First, I have to say something about my job interview. While visiting in California in the autumn of 1968 I learned that IBM was looking for people with a compiler background to work on their Advanced Computer System (ACS) project located in Menlo Park. That sounded promising, so I sent my resume to the local personnel office, and was granted an interview. I was told later that the personnel office had said, essentially, "there's a woman here who doesn't have any of the experience you are interested in, but, just to be polite, please talk to her for 20 minutes or so." In the sense of creating low expectations, I couldn't have asked for a better introduction to Fran Allen, in future the first female winner of the Turing award. (The problem probably was that the personnel employee usually saw resumes from hardware architects, who made up the majority of the ACS project members, and thus my references to various compiler projects were not recognized.)

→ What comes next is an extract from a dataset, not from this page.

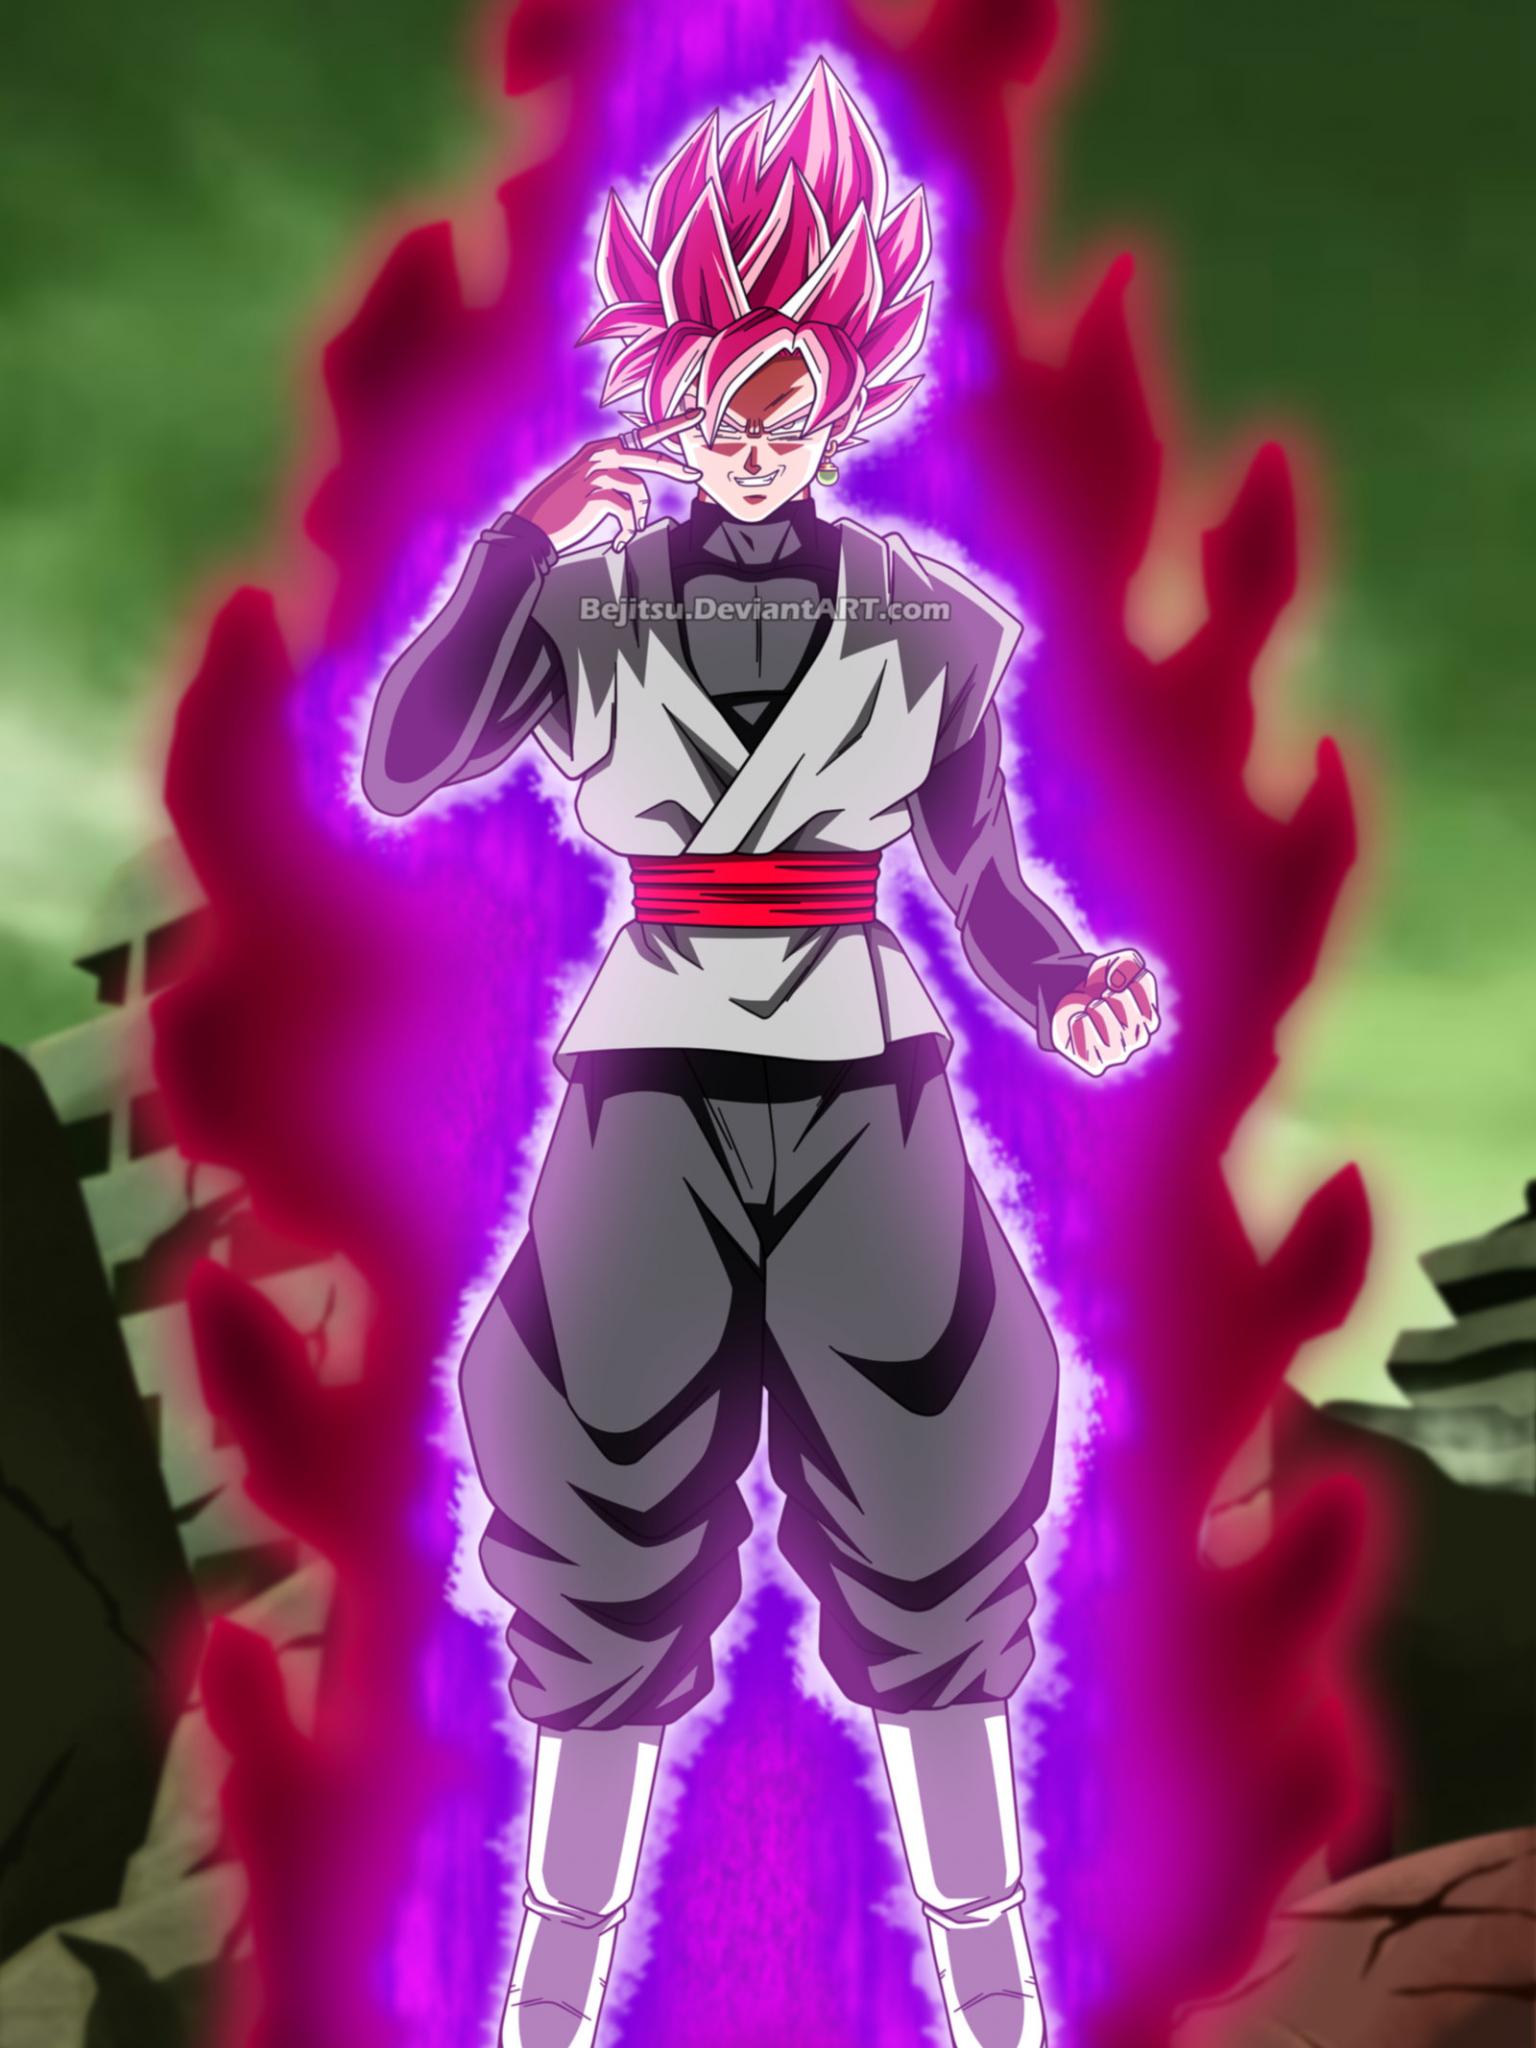 Free Download Dragon Ball Super Black Goku By Bejitsu 1600x2344

In the next sections I'll first provide some context in terms of a brief history of the ACS project as a whole, and a view of compiler optimization in the late 1960s. Then I'll talk about the ACS compiler and follow-on, and my role in that. And, finally, there's a long footnote about the attribution of credit for some optimizer design ideas (not mine).

ACS Project Outline

The ACS project was begun in 1963, as "Project Y", to develop one of two planned entries for IBM into the area of supercomputers. In 1965 the project was moved to the San Francisco Bay Area, to a new lab named "IBM Advanced Computing Systems". An optimizing compiler was an integral part of the project, and the initial compiler team included John Cocke (who also played a major role in the ACS project as a whole), Fran Allen, and Jim Beatty.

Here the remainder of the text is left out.